INPUT RECORDS →
::::::::
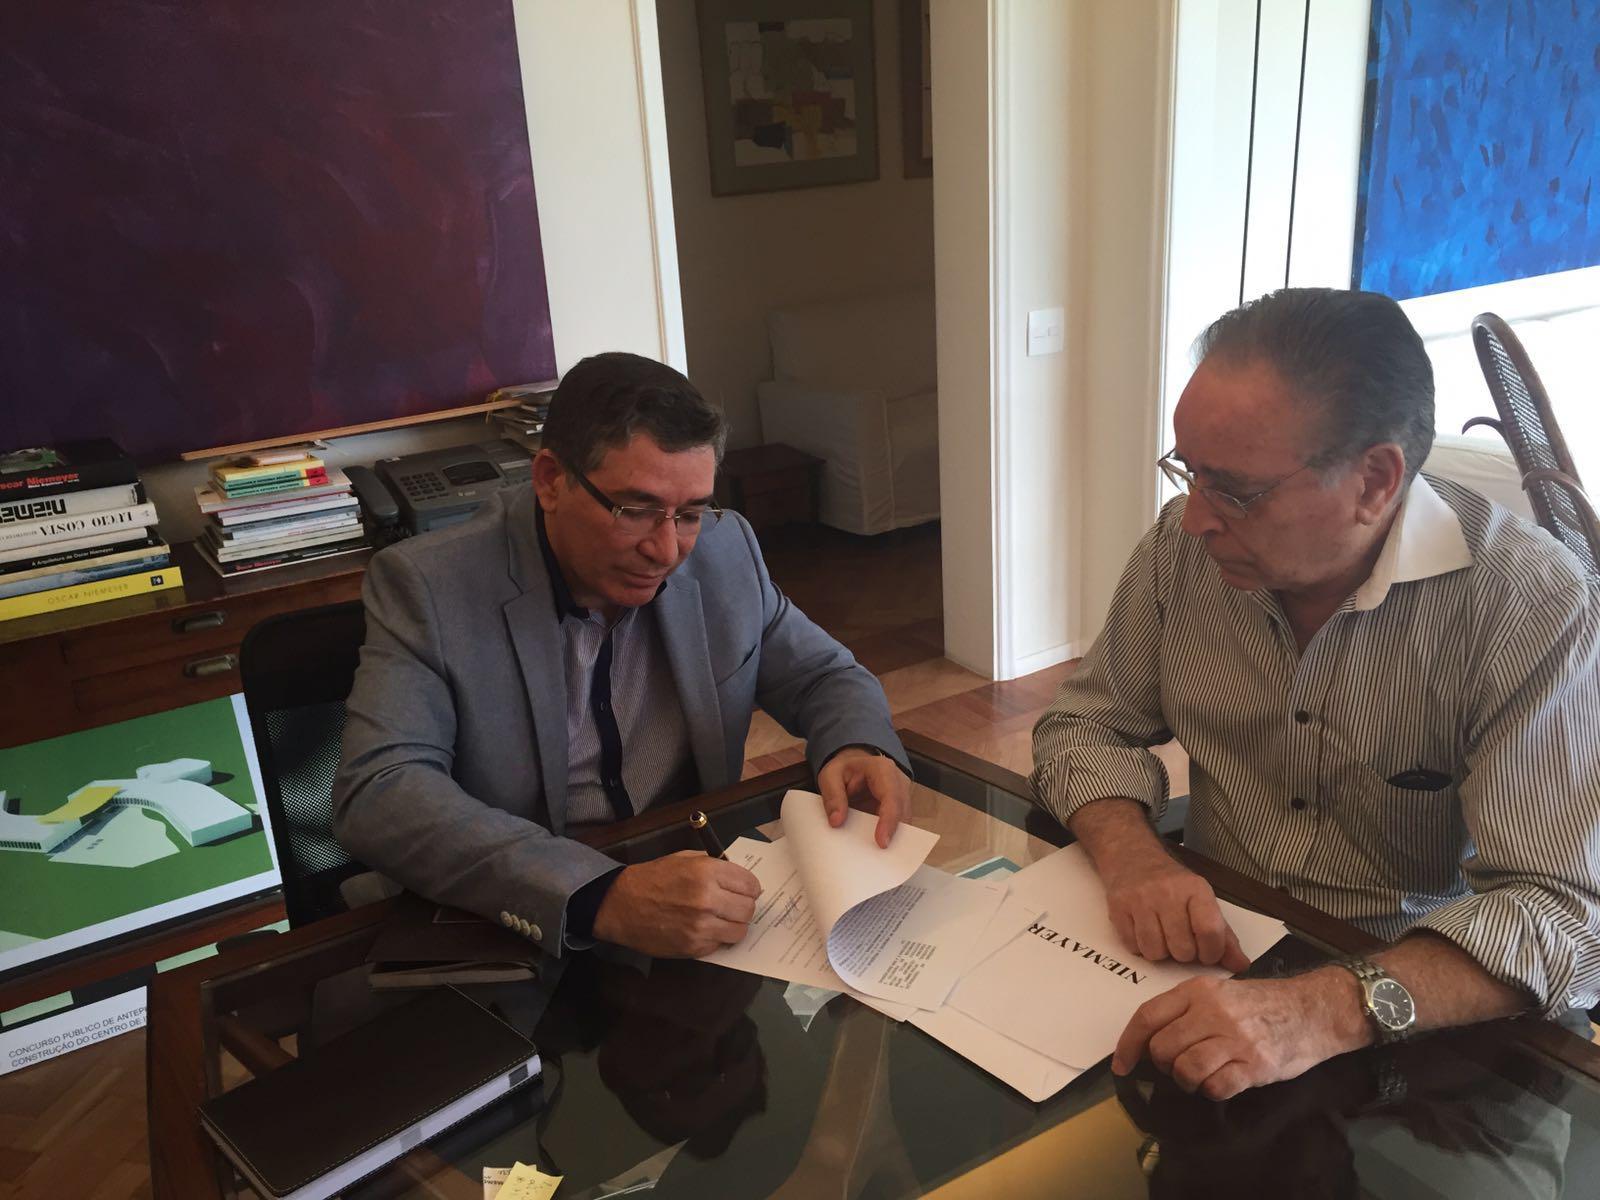 Jânyo Diniz em reunião com o Superintendente do Instituto Oscar Niemeyer, João Batista - Crédito: Arquivo pessoal
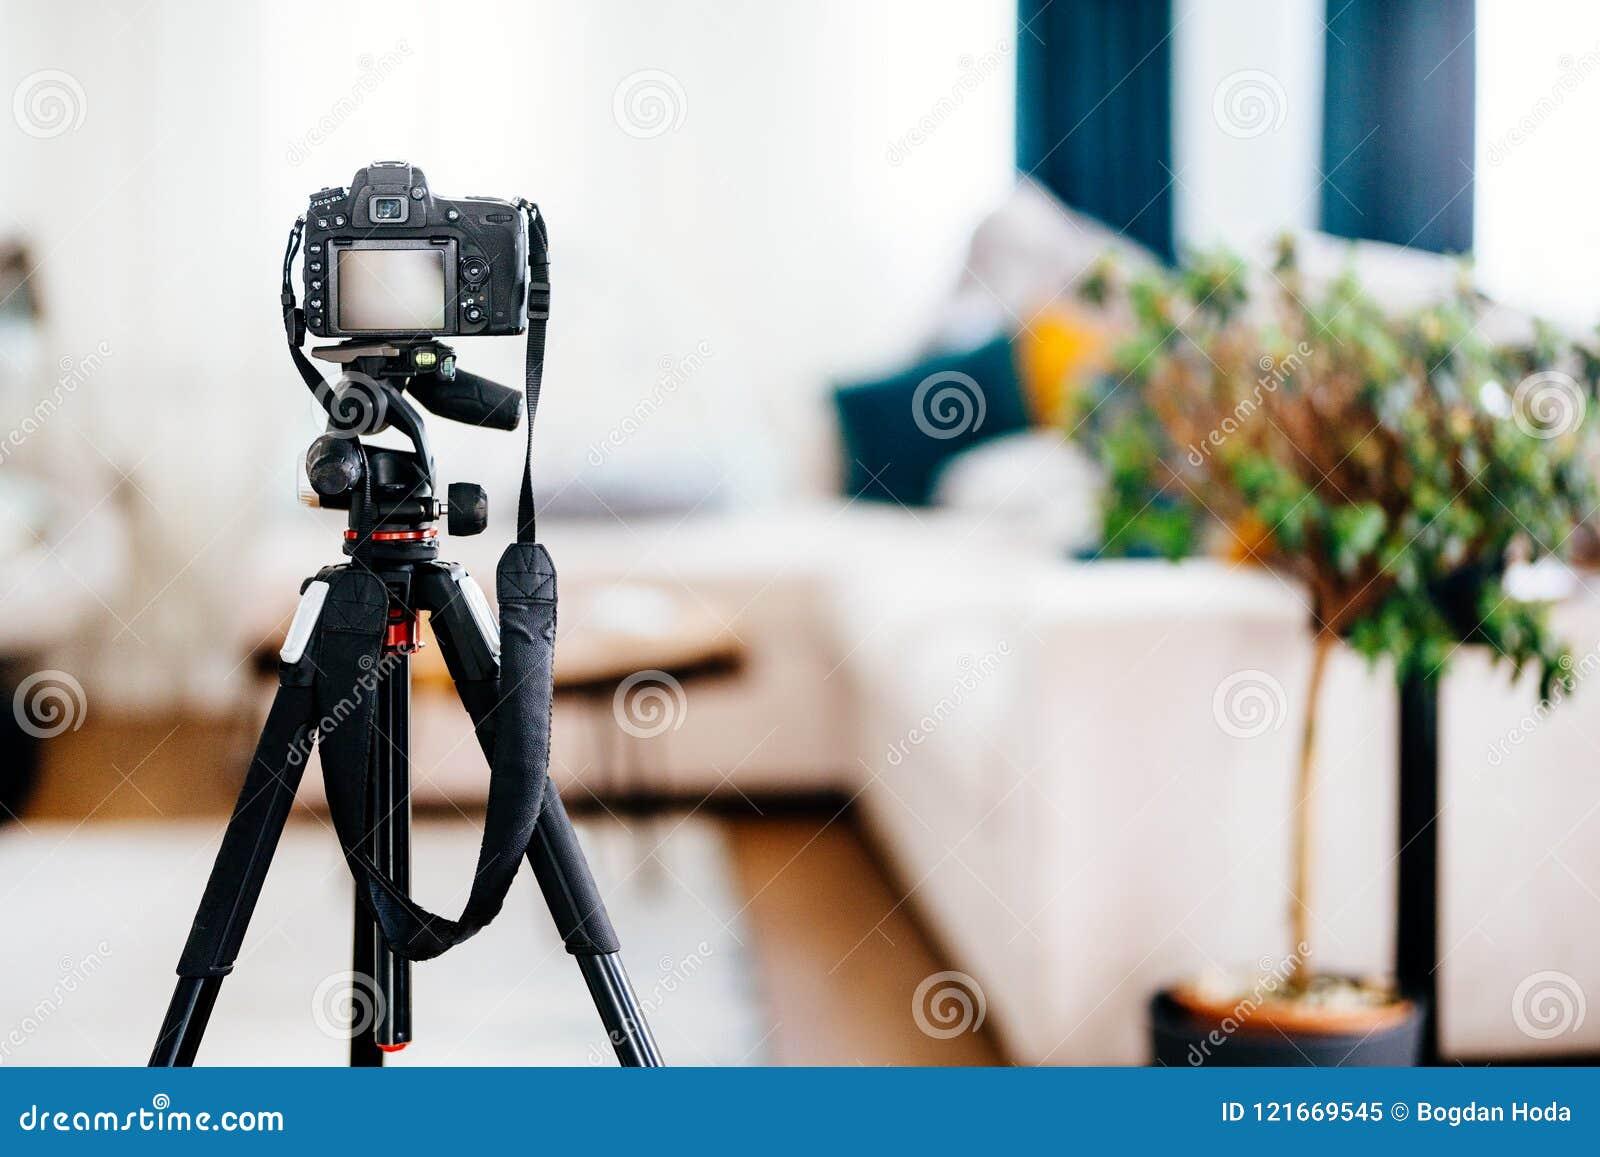 Kamera på tripoden som tar fotografier av inredesignen, möblemang och hus
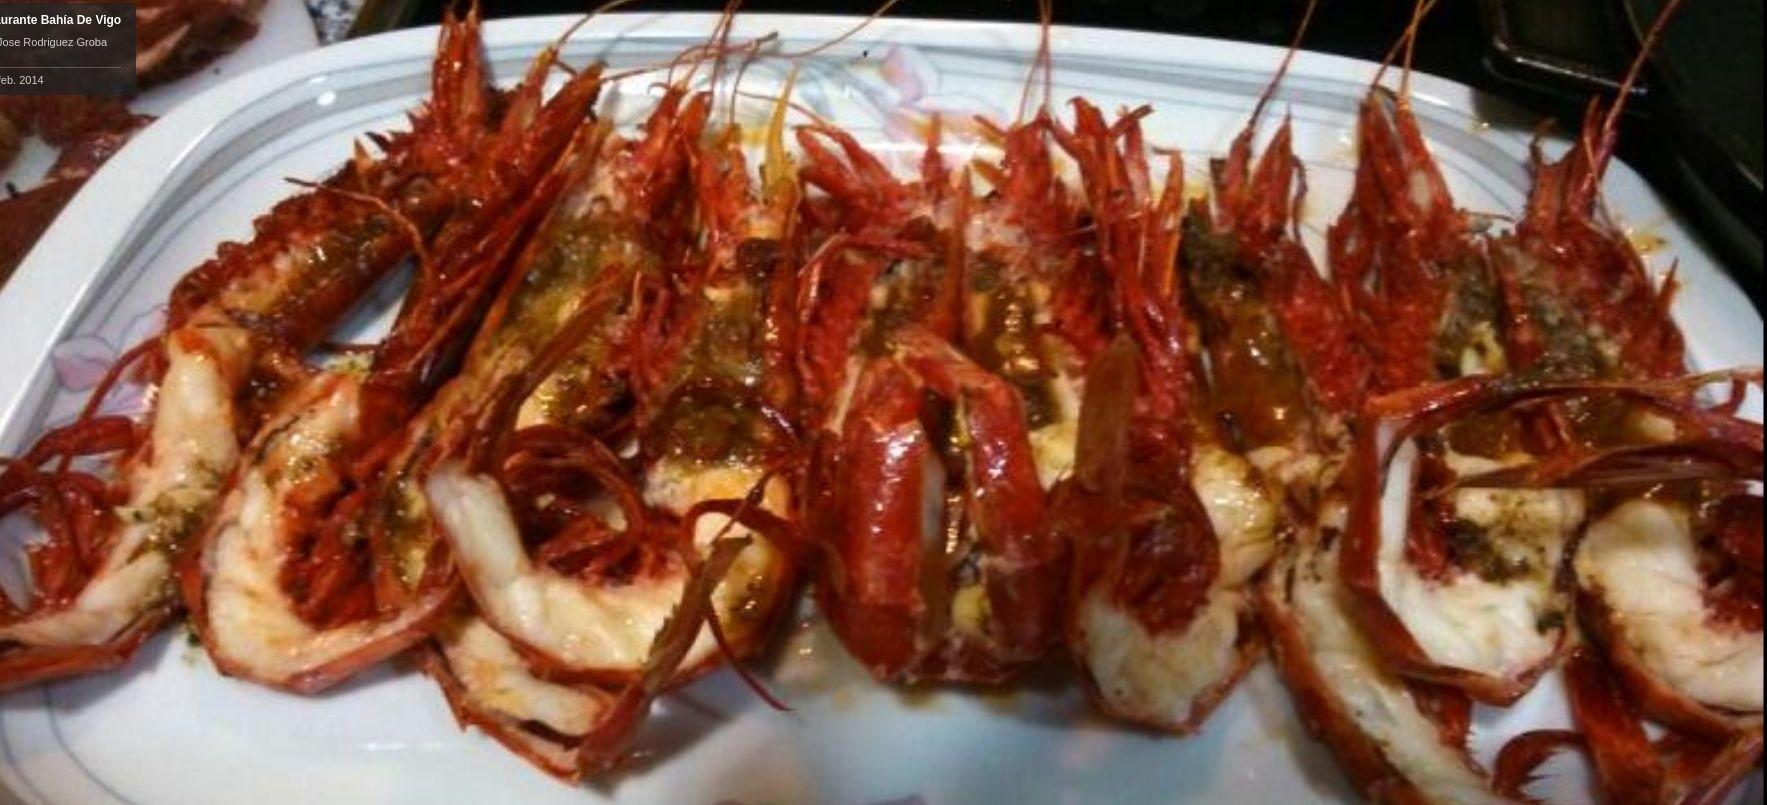 Foto 13 de Cocina gallega en Madrid | Restaurante Bahía De Vigo
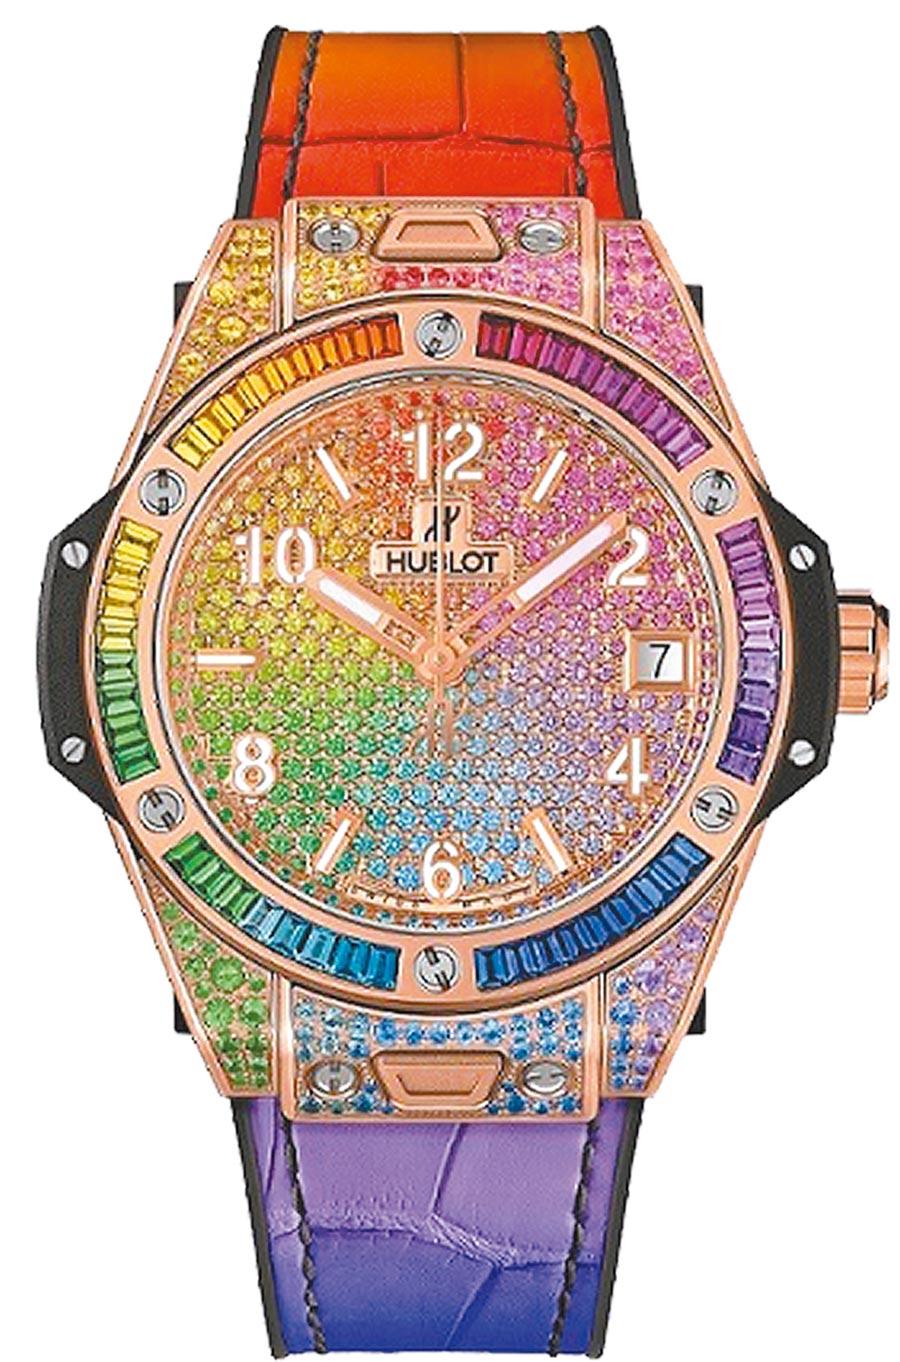 宇舶表超奢版Big Bang One Click彩虹寶石腕表,255萬1000元。(HUBLOT提供)
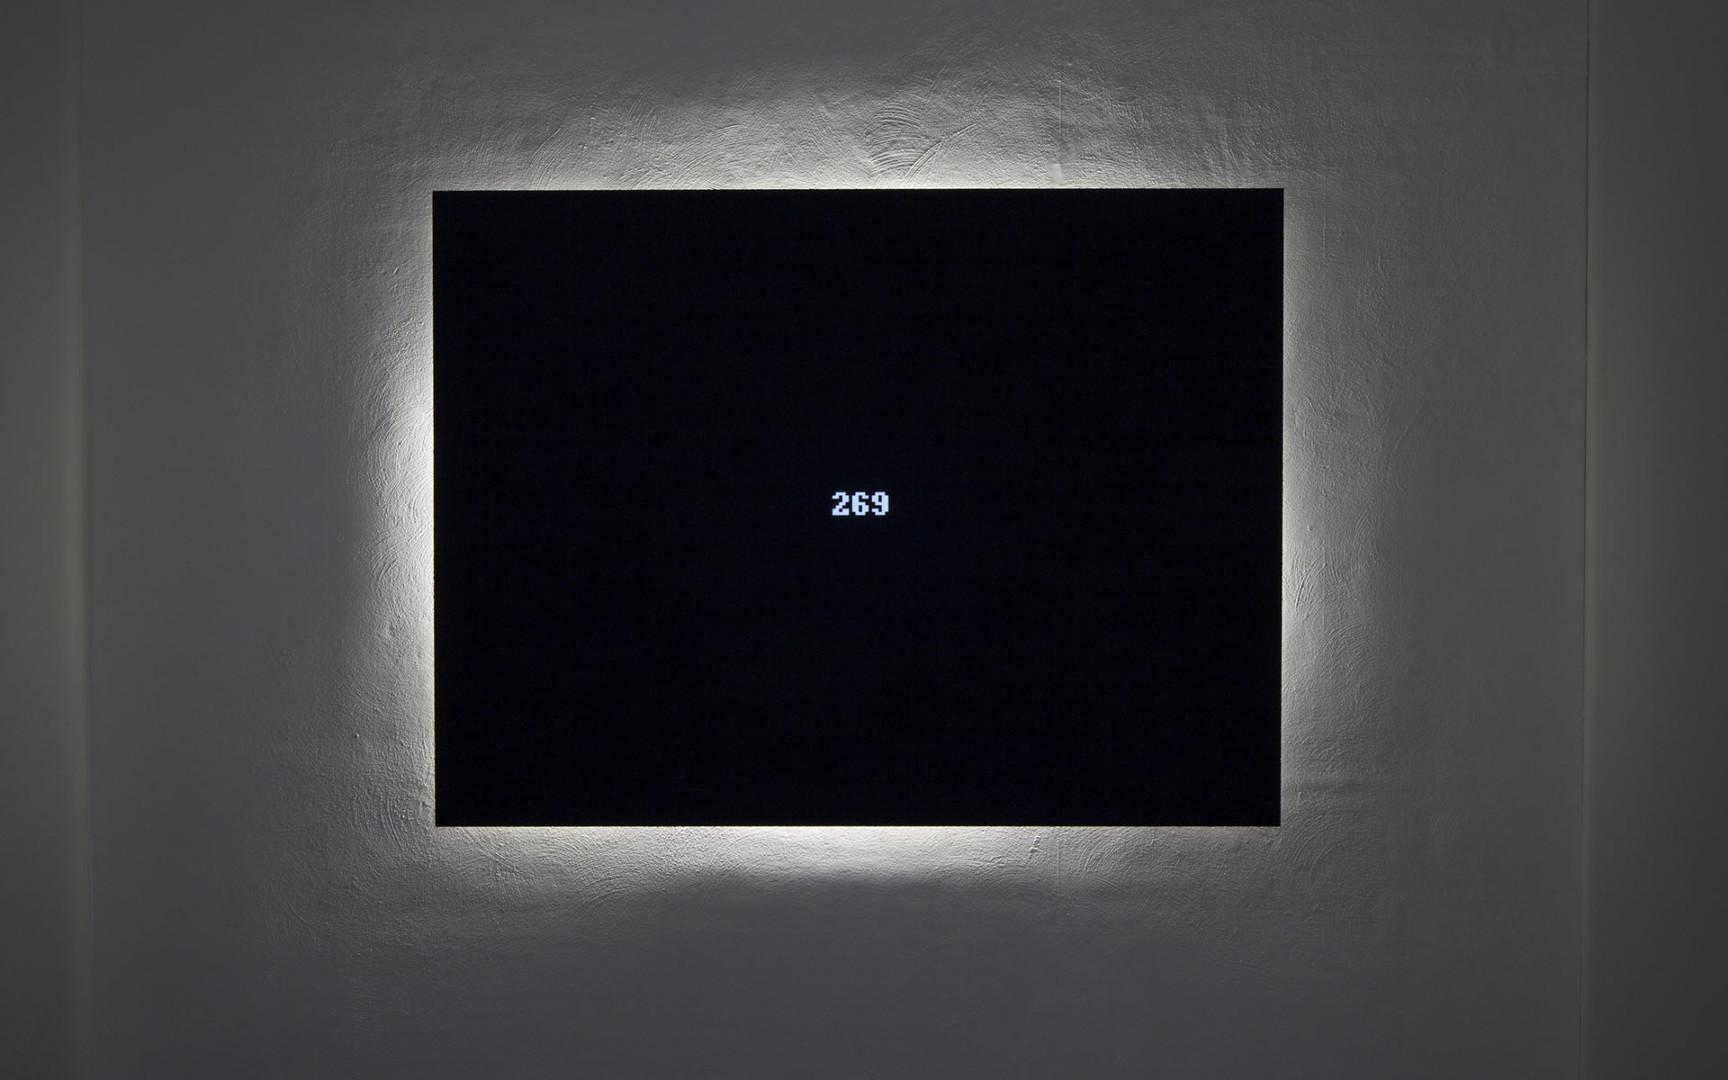 Valkoiselle seinälle on ripustettu musta näyttö, jossa näkyvät numerot 269. Näytön takana on valkoinen valo.
::::::::
Once the line containing "Foto 13 de Cocina" is found in the records above, it and every line after it up to the last must be repeated exactly, without pictures.

 Foto 13 de Cocina gallega en Madrid | Restaurante Bahía De Vigo
 宇舶表超奢版Big Bang One Click彩虹寶石腕表,255萬1000元。(HUBLOT提供)
 Valkoiselle seinälle on ripustettu musta näyttö, jossa näkyvät numerot 269. Näytön takana on valkoinen valo.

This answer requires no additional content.